The catch: Google's optimization score is calibrated toward Google's definition of a "well-set-up account" — which includes features that increase auction participation and spend. Auto-applying recommendations has been shown to consistently increase budget usage. Whether it increases your return on that budget is a different question, and one the recommendation engine doesn't optimize for. Your agency's goal is profit efficiency; Google's goal is platform adoption and volume.
This doesn't mean Google's recommendations are always wrong — some are genuinely useful. But each one should be evaluated by a human who understands your specific business goals before being applied.
✓ What good looks like
Auto-Apply Recommendations is turned off. Recommendations are reviewed manually during regular account audits, and each one is accepted or rejected based on whether it serves your conversion goals — not Google's optimization score.Question to ask your agency
"Is Auto-Apply Recommendations turned on in our account? If so, which recommendation categories are being auto-applied — and can we review the change history to see what's been added automatically?"The pattern behind all six mistakes
Every mistake on this list follows the same logic: the AI is given insufficient inputs, the wrong constraints, or no constraints at all — and then optimizes powerfully in the wrong direction. Google's algorithms aren't trying to deceive you. They do exactly what they're told. The problem is that "maximize conversions" and "maximize profitable revenue for your business" are not the same instruction, and the AI can only optimize for what it's explicitly given.

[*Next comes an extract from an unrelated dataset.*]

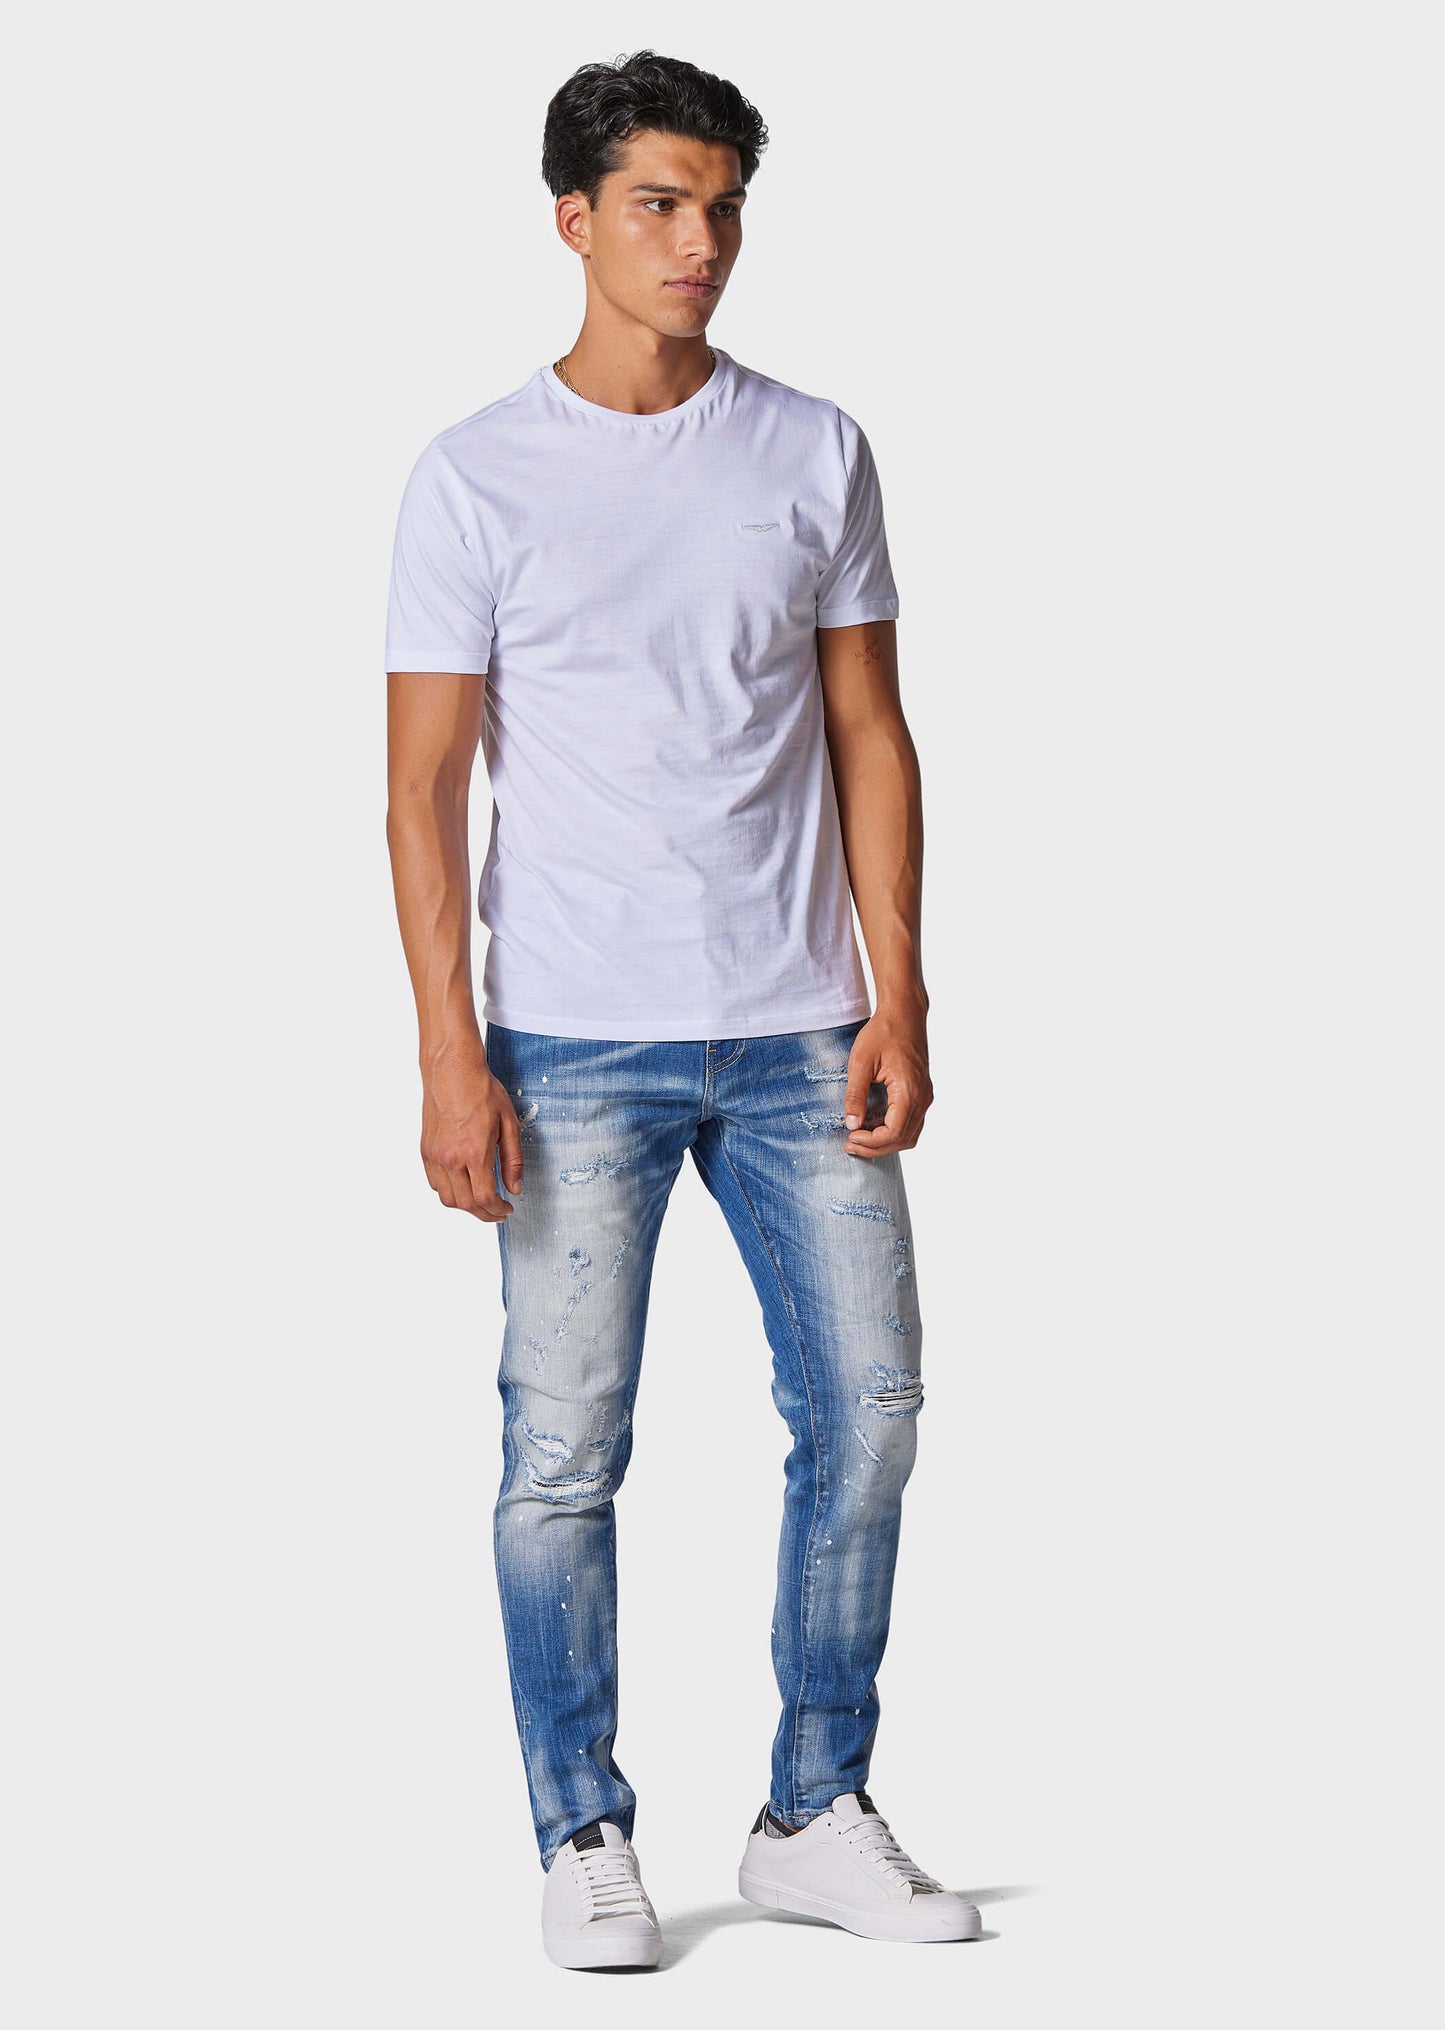 Deniro LAT 881 Slim Fit Jeans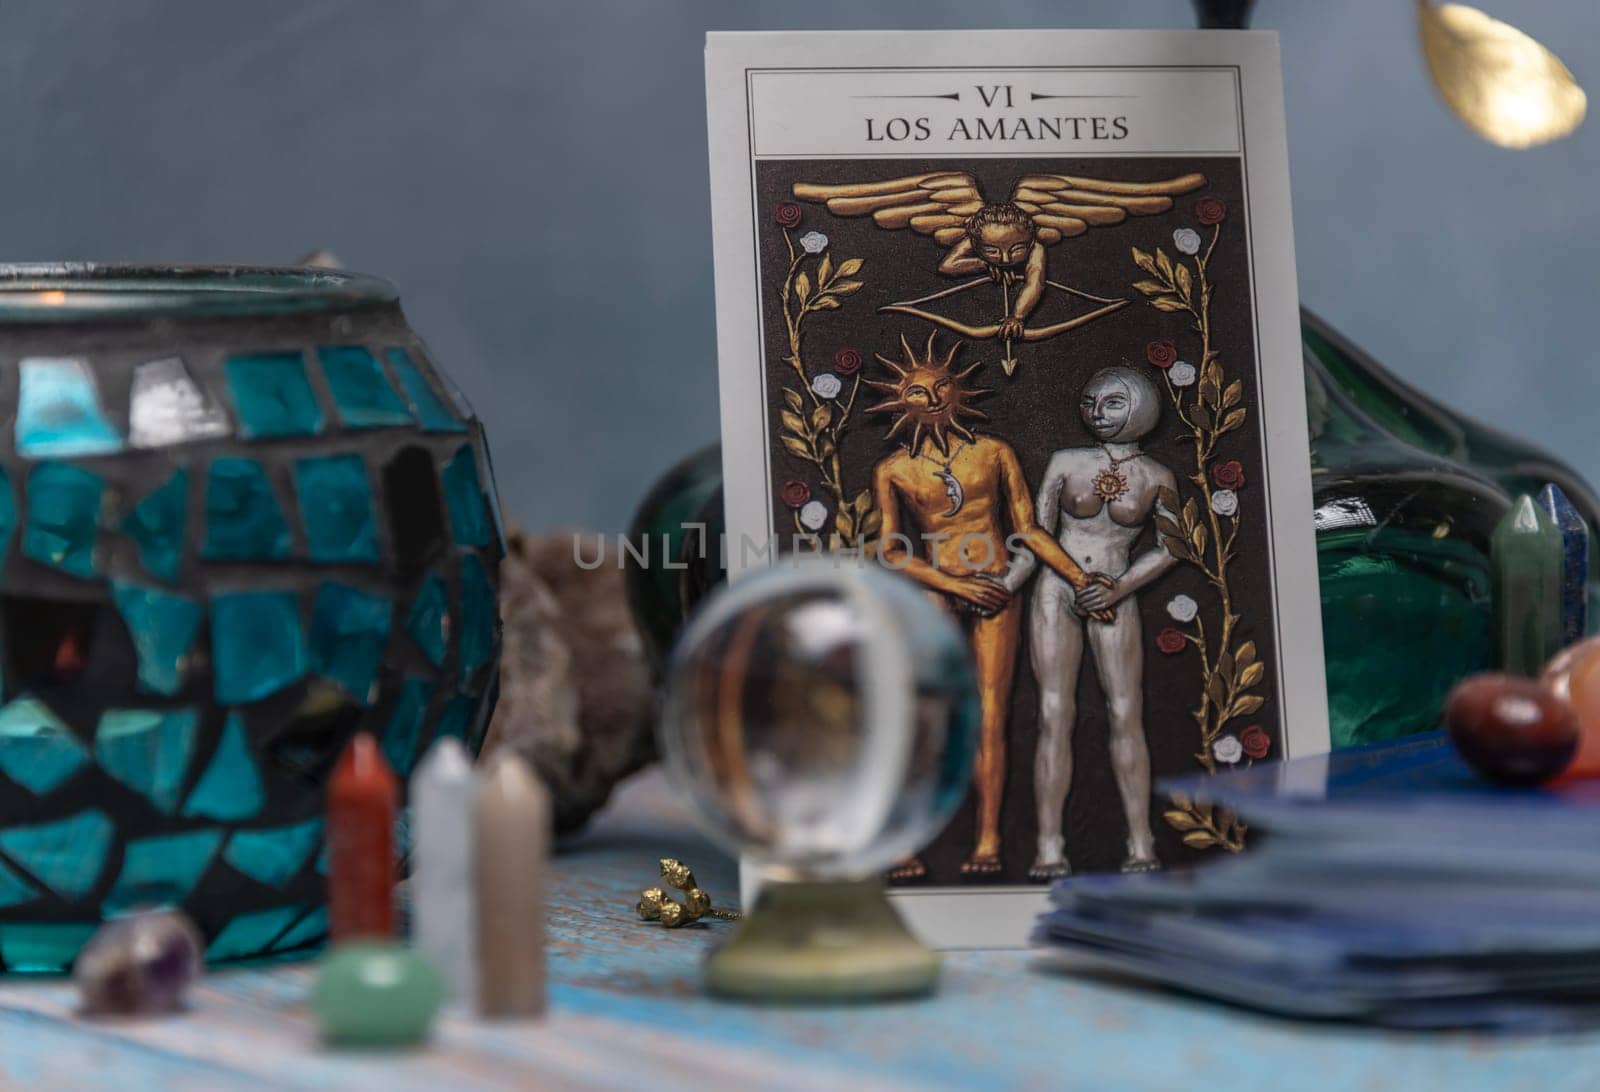 Cartomancy - Pendulum On Blurred Altar With Defocused Tarot Cards. by jbruiz78

The role of whoever manages your campaigns is increasingly less about manual bid adjustments and more about data quality, campaign architecture, and guardrails. AI can handle enormous complexity at auction speed — but it needs a human in the cockpit who understands where it's going, checks the instrument panel regularly, and knows when to intervene.
> AI in Google Ads amplifies what you give it. Strong data foundation, clear goals, and active oversight produce compounding results. Weak inputs and blind trust produce the same — just in the wrong direction.
Want an independent view?
We audit Google Ads accounts regularly. If you want to know whether any of these six patterns are playing out in your own campaigns, we're happy to take a look and give you a straight answer.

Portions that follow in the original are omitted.